# Cheap Halide option



## forum-guy (Aug 3, 2008)

So I discovered, to my dismay, the beauty of tanks with water ripples and shadows that are created by halide lamps and moving surface water. I also realized just how much I had been missing out on for so long by using florescent lamps.

So I'm set on getting those effects for my tanks. What is a cheap halide solution (and I mean CHEAP)?

My tank is a 36 gallon bow-front with only cichlids (no plants).


----------



## tropills (Mar 25, 2008)

t5's with a power head aimed at the surface of the water will give you a pretty good shimmer, the other option is LED lights, halides get the shimmer effect from being a single point light source, un-like fluorescent tubes that have light their entire length.


----------



## forum-guy (Aug 3, 2008)

Now I thought t5's were the same "even spread" lighting as the florescence. Is this not the case?


----------



## crotalusfan (Jun 21, 2008)

I have t5s, and I have never noticed that awesome "ripple" lighting. I don't have a powerhead in the tank, though.


----------



## tropills (Mar 25, 2008)

forum-guy said:


> Now I thought t5's were the same "even spread" lighting as the florescence. Is this not the case?


 yes they are light the entire length but the out put of light is far superior than normal fluorescents, they are comparable to halides when used with individual reflectors.


----------



## tropills (Mar 25, 2008)

crotalusfan said:


> I have t5s, and I have never noticed that awesome "ripple" lighting. I don't have a powerhead in the tank, though.
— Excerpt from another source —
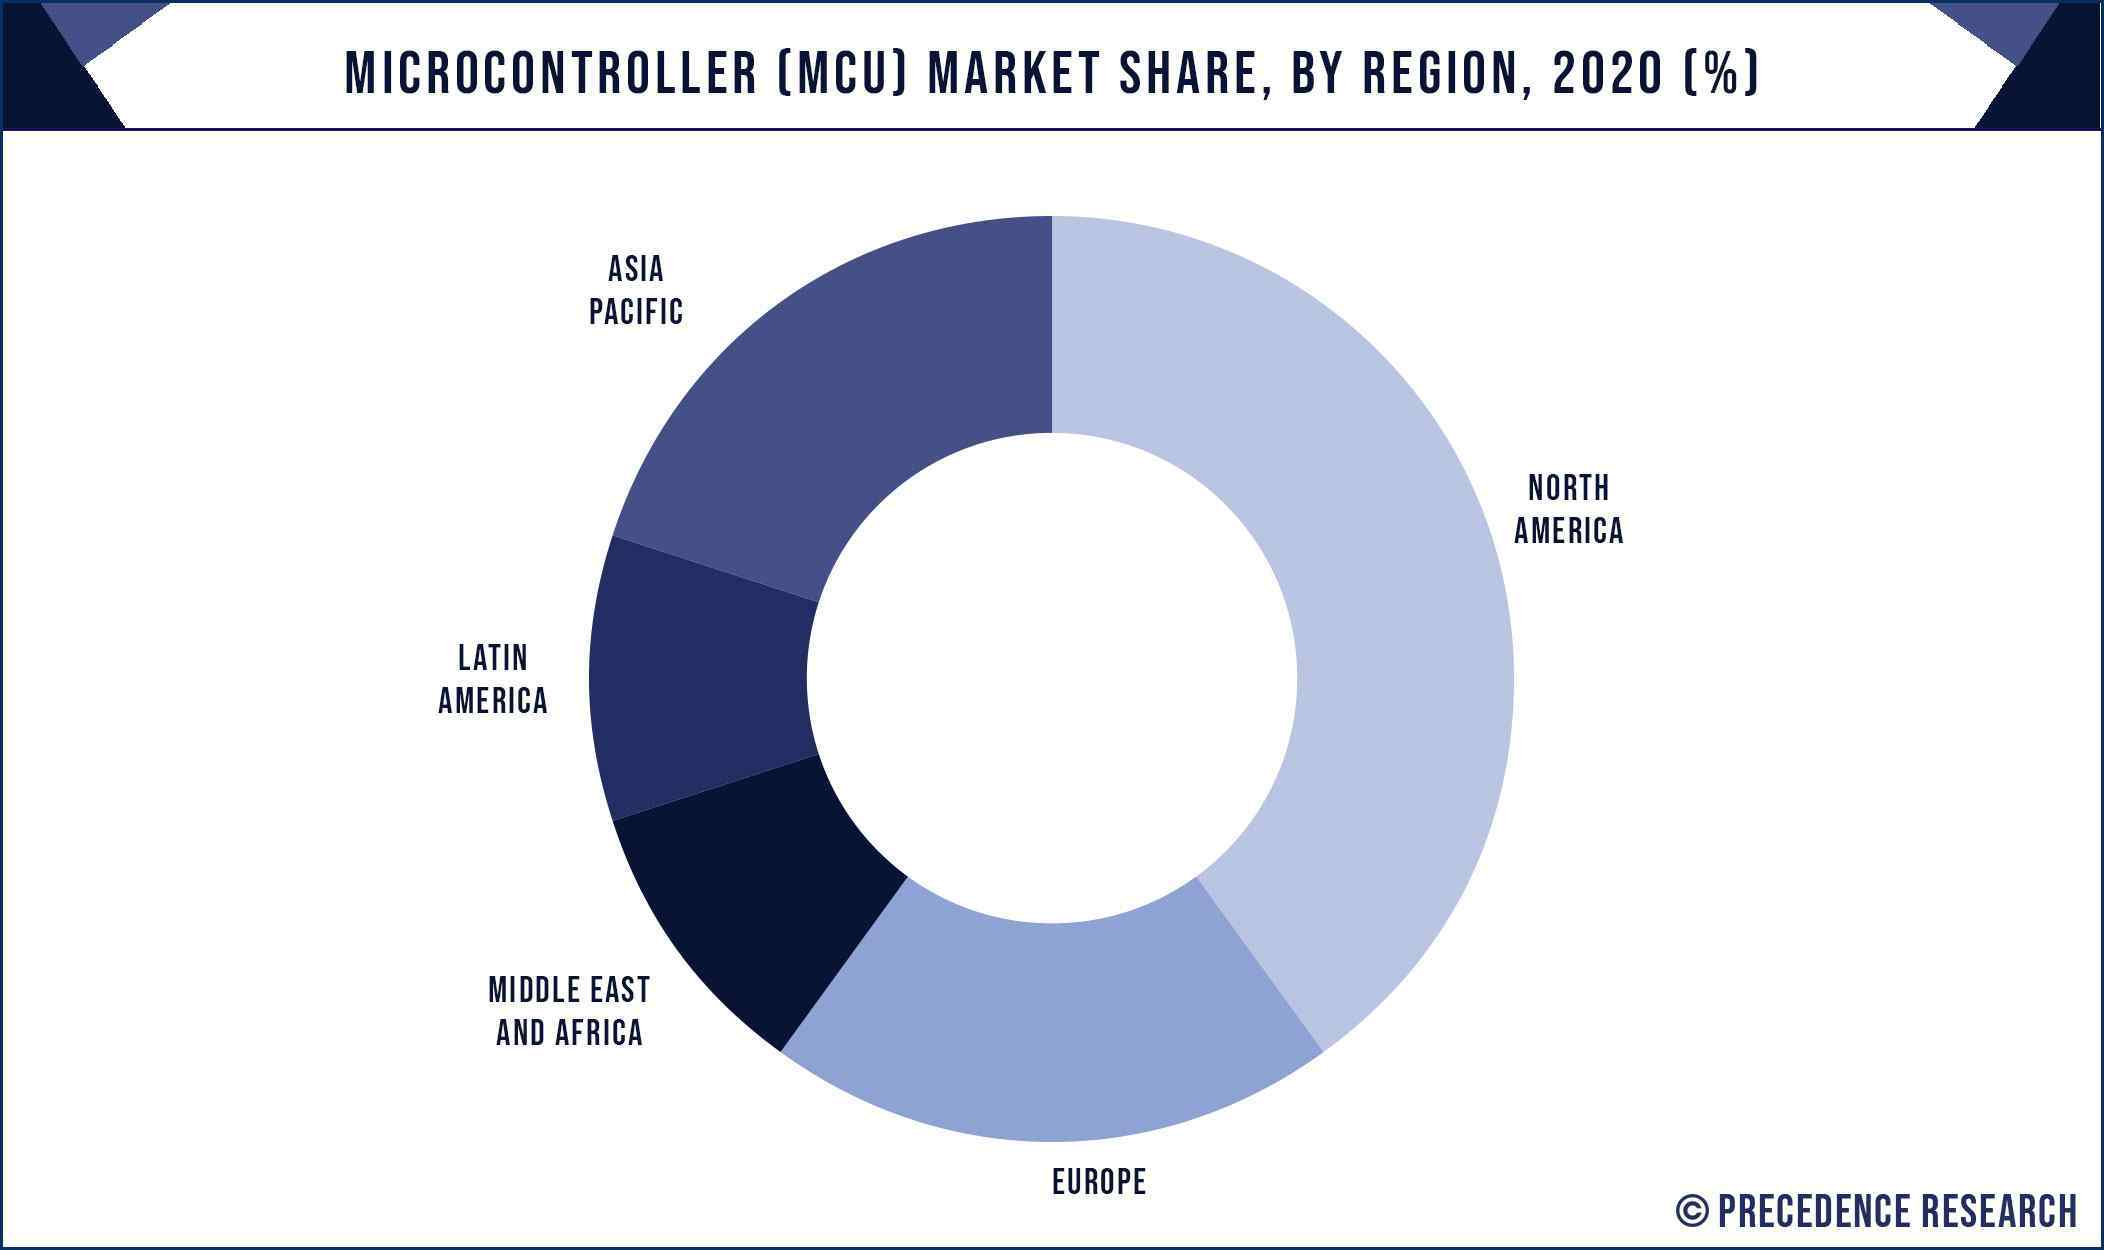 Microcontroller (MCU) Market Share, By Region, 2020 (%)

 and you won't have the awesome shimmer that halides give but you will have shimmer, there is nothing that will give you the "reef tank shimmer" other then halides or LED lights, there again they have a single point light source, that's where the shimmer effect comes from, but you can some what duplicate it to a extent with T5's and a power head agitating the water surface.


----------



## forum-guy (Aug 3, 2008)

Alright, lets say I go with hallide or LEDS.

What is a cheap solution?


----------



## tropills (Mar 25, 2008)

forum-guy said:


> Alright, lets say I go with hallide or LEDS.
> 
> What is a cheap solution?


 if you want the cheaper of the two. go with halides, the only draw back is they produce a LOT of heat, so you will need to add a chiller or fans blowing across the water surface, to help aid in evaporation which in turn helps keep the water temp lower. you can pick up a halide system with LED lunar lights for around 200-250 bucks, LED systems can cost 3 or 4 times that if you bought a complete system, if your any good at DIY stuff you can build a LED setup yourself,


----------



## IrkedCitizen (Apr 26, 2007)

tropills said:


> forum-guy said:
> 
> 
> > Alright, lets say I go with hallide or LEDS.
> ...


You can also get around the heat by having the halide on a pulley system so you can adjust the height of the light in relation to the top of the tank. Having the lights suspended above the tank also gives a nice look to the inside of the tank.

One thing to take into consideration with the metal halides is the increase in your electric bill. Your standard fluorescents don't put off nearly as much power usage as a metal halide.

Whatever you decide I demand before and after pictures once it is done!


----------



## forum-guy (Aug 3, 2008)

Thanks for the suggestions! If everything works out, I'll definitely post some pictures.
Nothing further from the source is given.